Let's solve question 3 using the given graph for point $C(3, 4)$, where we need to find:

1. The equation of line $\overline{AB}$.
2. The area of $\triangle ABO$.

Step 1: Equation of line $\overline{AB}$

From the graph:

• $A(0, 0)$ is the origin.
• $B(6, 0)$ lies on the x-axis.

The equation of a straight line can be written as: $y = mx + c$ where:

• $m$ is the slope.
• $c$ is the y-intercept.

Slope $m$ of $\overline{AB}$:

The slope between two points $A(x_1, y_1)$ and $B(x_2, y_2)$ is given by: $m = \frac{y_2 - y_1}{x_2 - x_1}$ Substitute: $m = \frac{0 - 0}{6 - 0} = 0$

Since the slope $m = 0$, line $\overline{AB}$ is horizontal. The equation of a horizontal line is simply: $y = c$ Here, $c = 0$, so: $y = 0$

Thus, the equation of $\overline{AB}$ is: $y = 0$

Step 2: Area of $\triangle ABO$

The vertices of $\triangle ABO$ are:

• $A(0, 0)$
• $B(6, 0)$
• $O(3, 4)$

The area of a triangle given its vertices $(x_1, y_1)$, $(x_2, y_2)$, and $(x_3, y_3)$ is: $\text{Area} = \frac{1}{2} \left| x_1(y_2 - y_3) + x_2(y_3 - y_1) + x_3(y_1 - y_2) \right|$

Substitute the coordinates: $x_1 = 0, \, y_1 = 0, \, x_2 = 6, \, y_2 = 0, \, x_3 = 3, \, y_3 = 4$

$\text{Area} = \frac{1}{2} \left| 0(0 - 4) + 6(4 - 0) + 3(0 - 0) \right|$ $\text{Area} = \frac{1}{2} \left| 0 + 24 + 0 \right|$ $\text{Area} = \frac{1}{2} \times 24 = 12$

Thus, the area of $\triangle ABO$ is: $\boxed{12 \, \text{square units}}$

Final Answers:

1. The equation of $\overline{AB}$ is $\mathbf{y = 0}$.
2. The area of $\triangle ABO$ is $\mathbf{12 \, \text{square units}}$.

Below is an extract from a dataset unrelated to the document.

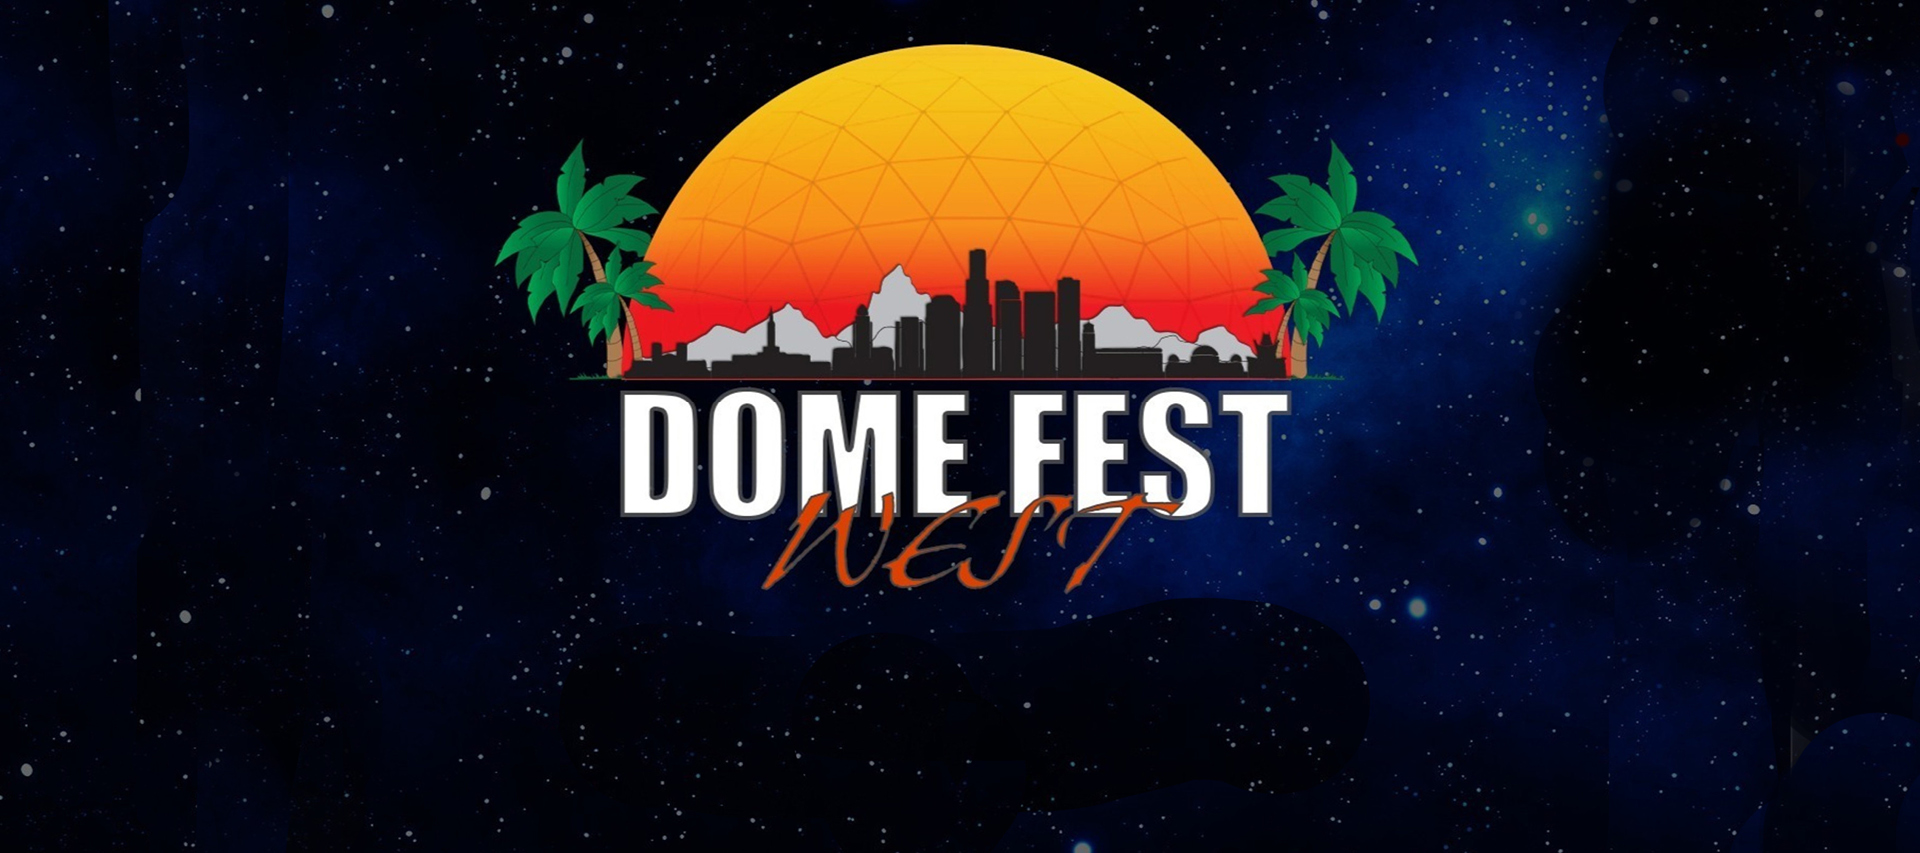 Dome Fest West

Would you like a deeper explanation of any step or further examples?

Follow-Up Questions:

1. What is the general formula for the slope of a line?
2. How do you calculate the area of a triangle using determinants?
3. Can we find the length of side $\overline{AB}$? If yes, how?
4. What happens if point $O$ moves? How does the area of the triangle change?
5. Can you derive the equation of $\overline{AB}$ if the slope is non-zero?

Tip:

Always double-check your slope and intercept calculations, as they directly influence the equation of the line.